865. Don’t ask

OUCHY, OUCHAMAGOUCHA, IIIIEEEEEE, YOWZA!

Sorry, was I screaming aloud?

I have some arthritis in my knees, but that’s not why I’m crying ( I am crying, you know, add a few SOBs to the above)

My arthritis is not enough to incapacitate me but it can be uncomfortable on long walks.

When you live in NYC that’s how you get around, walking.  And even though I’ve suggested it, Ray seems totally unwilling to take himself around the block to do his business.

I’ve lived with this for awhile, taking an occasional Advil or 3, but I was wondering if there was some over the counter item that I could put on to make it a bit easier.

Being very computer literate I went right to Google to get some suggestions.

I did a light skimming on the subject and found that there were 3 different ingredients that would do the trick, some distracted you with the cold in their creams and others with the heat. Another one blocked the pain from traveling to your brain. I didn’t see any that actually cured but that wasn’t what I was looking for.
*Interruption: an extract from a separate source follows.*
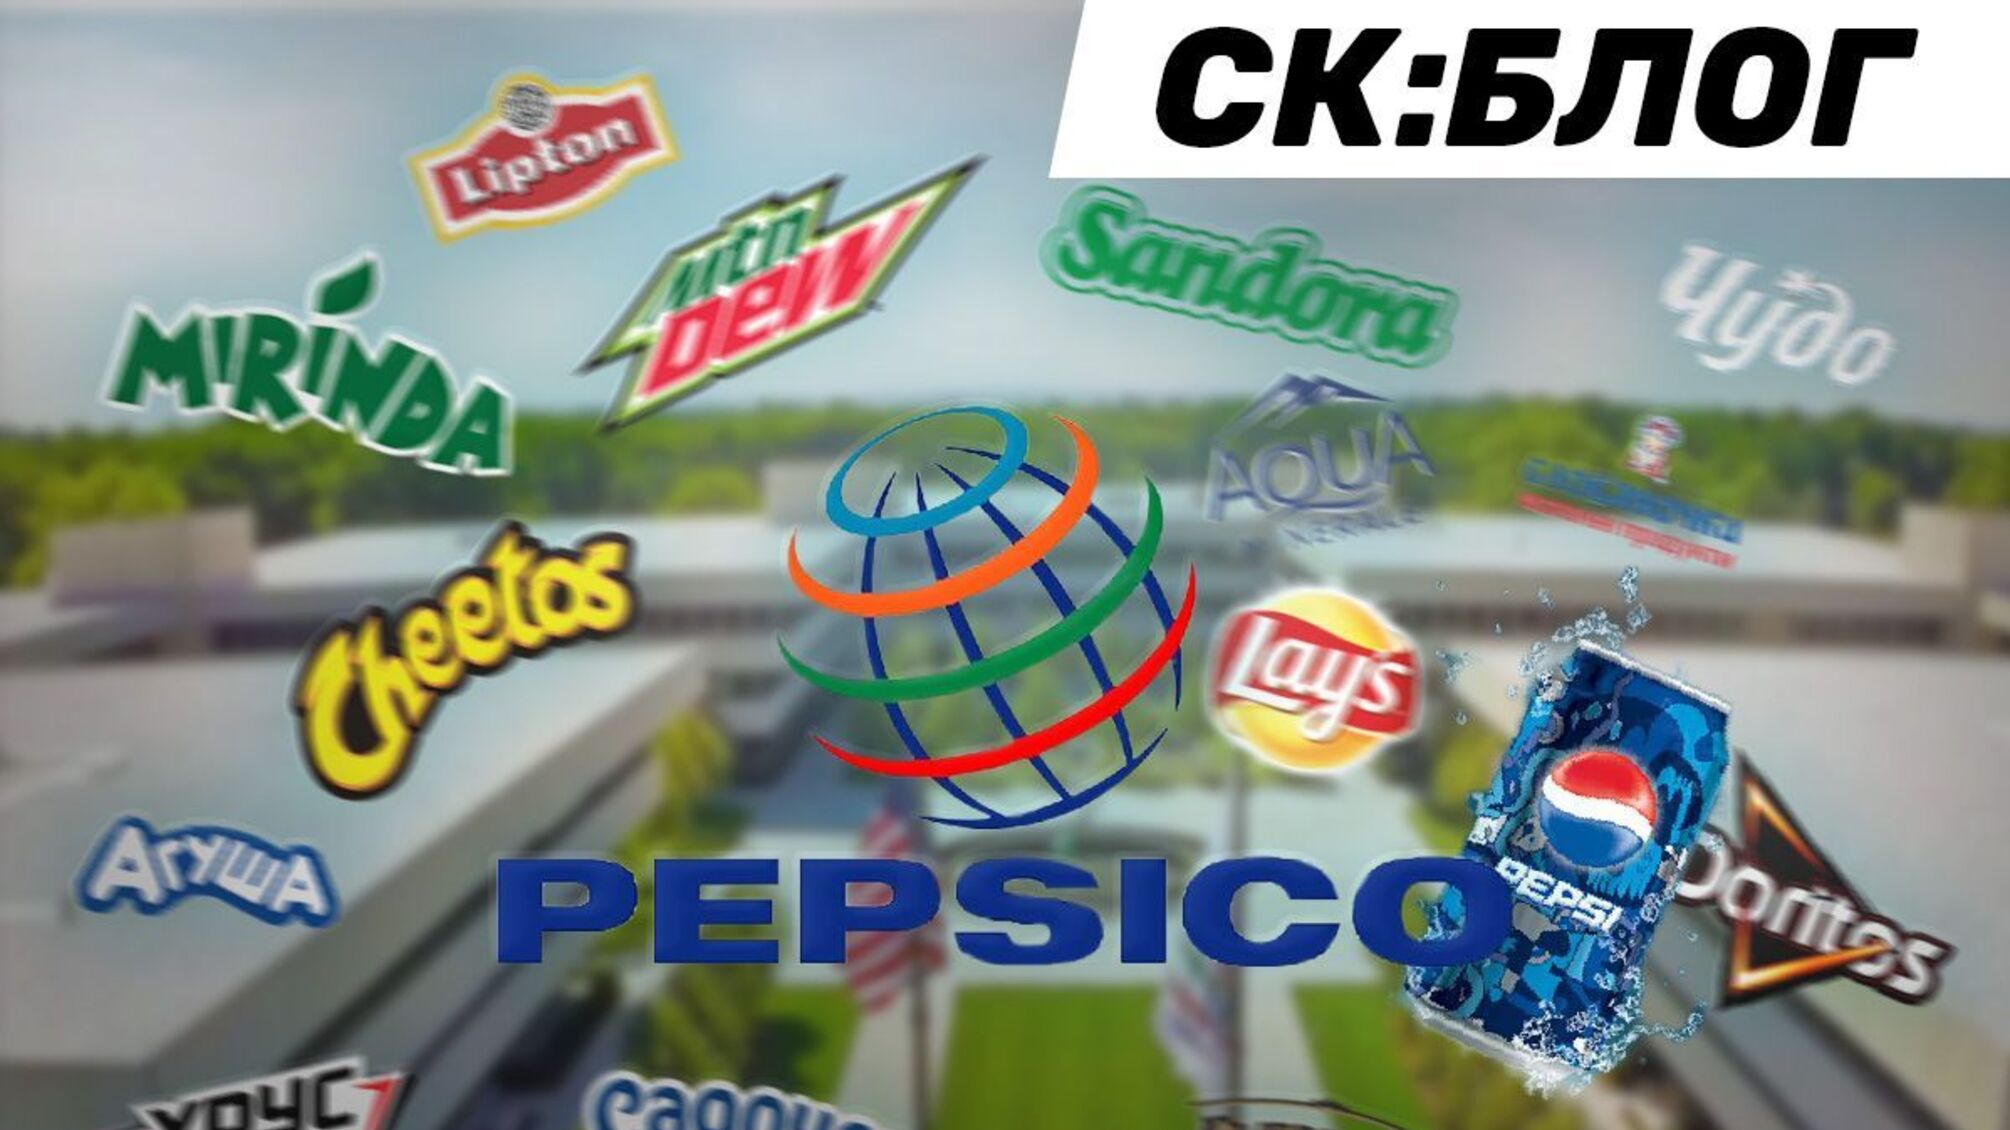 Компанія PepsiCo втрапила у скандал через свідоме замовчування російської агресії?

I immediately went to the drugstore. They only had a cream with one of the names that I wrote down from the internet.

Home I went to apply it.

At first it was fine. A few minutes later my knees felt like they had hot burning oil on them.

I jumped in the shower to wash it off and it only got worse.

Hence IIIIIEEEEEE!!!

I ran to the internet and read what they said a bit more carefully. It seems that the stuff I bought was  made from cayenne peppers, something I could have guessed when I rubbed my eyes and saw stars.

Oh yeah and it said don’t add water.

Just then Julie called.

I told her about my plight and read her what was written about the cream.

One of the things I read that I forgot said that the cream may “produce a sensation of hot or cold that may temporarily override your ability to feel your arthritis pain.”

“Wait a minute Jules, I’m thinking that this stuff works. I don’t feel my arthritis at all. The only feeling I have is that I’m being burnt alive.”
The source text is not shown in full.